Söyleşi: Kadir Aydemir
Şükrü Erbaş, şiirimizin çalışkan ve bence hep “genç” şairlerinden biri. Sesi söze, sözü cevhere dönüştüren bir usta isim. Kelimelerle, yollarla, türkülerle, sokakla ve hayatla kurduğu ilişki onun poetikasını da oluşturdu ve duruşu yazdıklarına her zaman yansıdı. Şairin yeni eseri “Yarasaların Avlusunda”, geçtiğimiz günlerde Kırmızı Kedi Yayınları’nca okura ulaştırıldı. Şükrü Erbaş’la şiir evrenini, bu kitabın doğuş sancısını, dünü ve bugünü konuştuk…

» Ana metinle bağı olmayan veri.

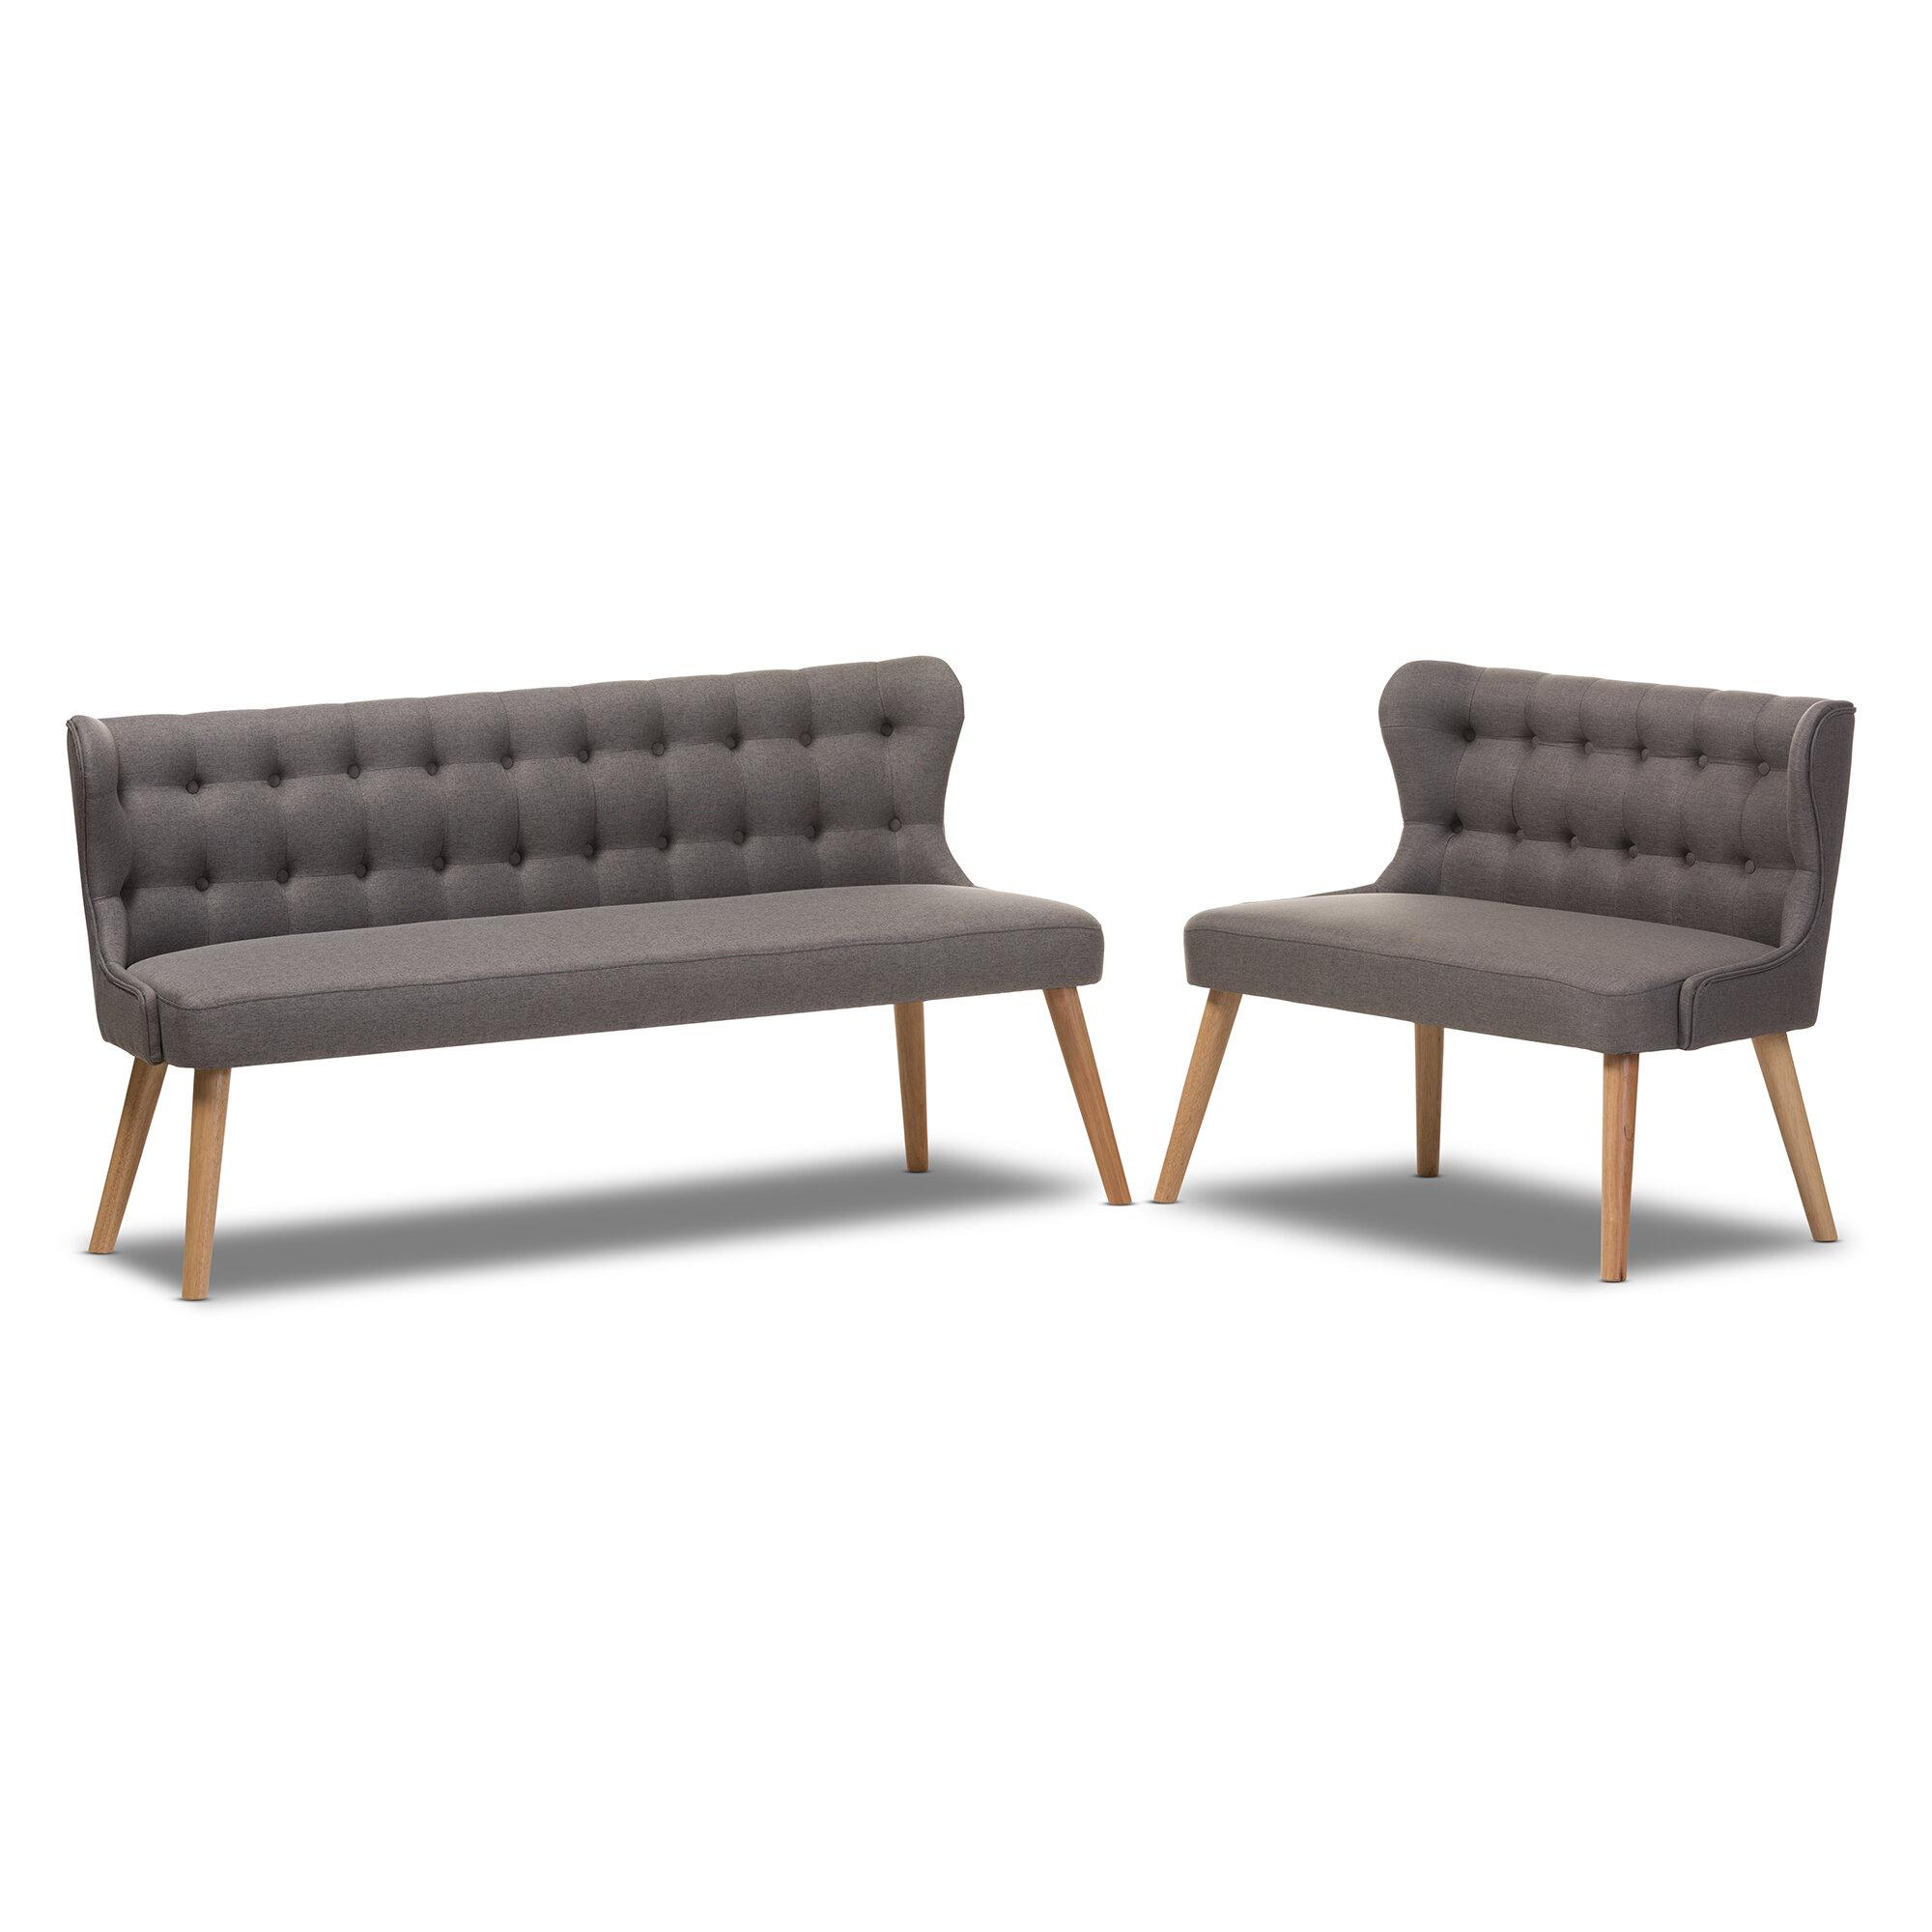 wholesale interiors alessia 2 piece living room set wayfair rh wayfair com Alessia Macy alessia leather sofa reviews

Yarasaların Avlusunda, nasıl doğdu? Bu isim derin bir göndermeyi de gizliyor gibi…
Pek çok konuşmada söyledim, hiçbir sanatsal yaratıcılık, çocukluğa dönüp oradan bir ses, bir koku, bir görüntü, bir hayıf, bir heves almadan cümle kuramaz. Biz, hücrelerimizi oluşturan zamanlardan, orada küller arasında duran yitik cennetten bir harf almadan, bir arzu ya da hayal kırıklığı almadan, o aldıklarımızı yaşadığımız günlerin gerçeği içinden geçirmeden ne söyleyebiliriz ki? Söylediklerimizin nasıl bir yaşama değeri olabilir ki? Biz o geçmişi ve tıkanıp kaldığımız şimdiyi, birbiri içinden geçirerek varlığımızı değerli kılarız. Kendimizi severiz. Yaşadığımızı anlarız. Dünyayı yaşanılır kılarız.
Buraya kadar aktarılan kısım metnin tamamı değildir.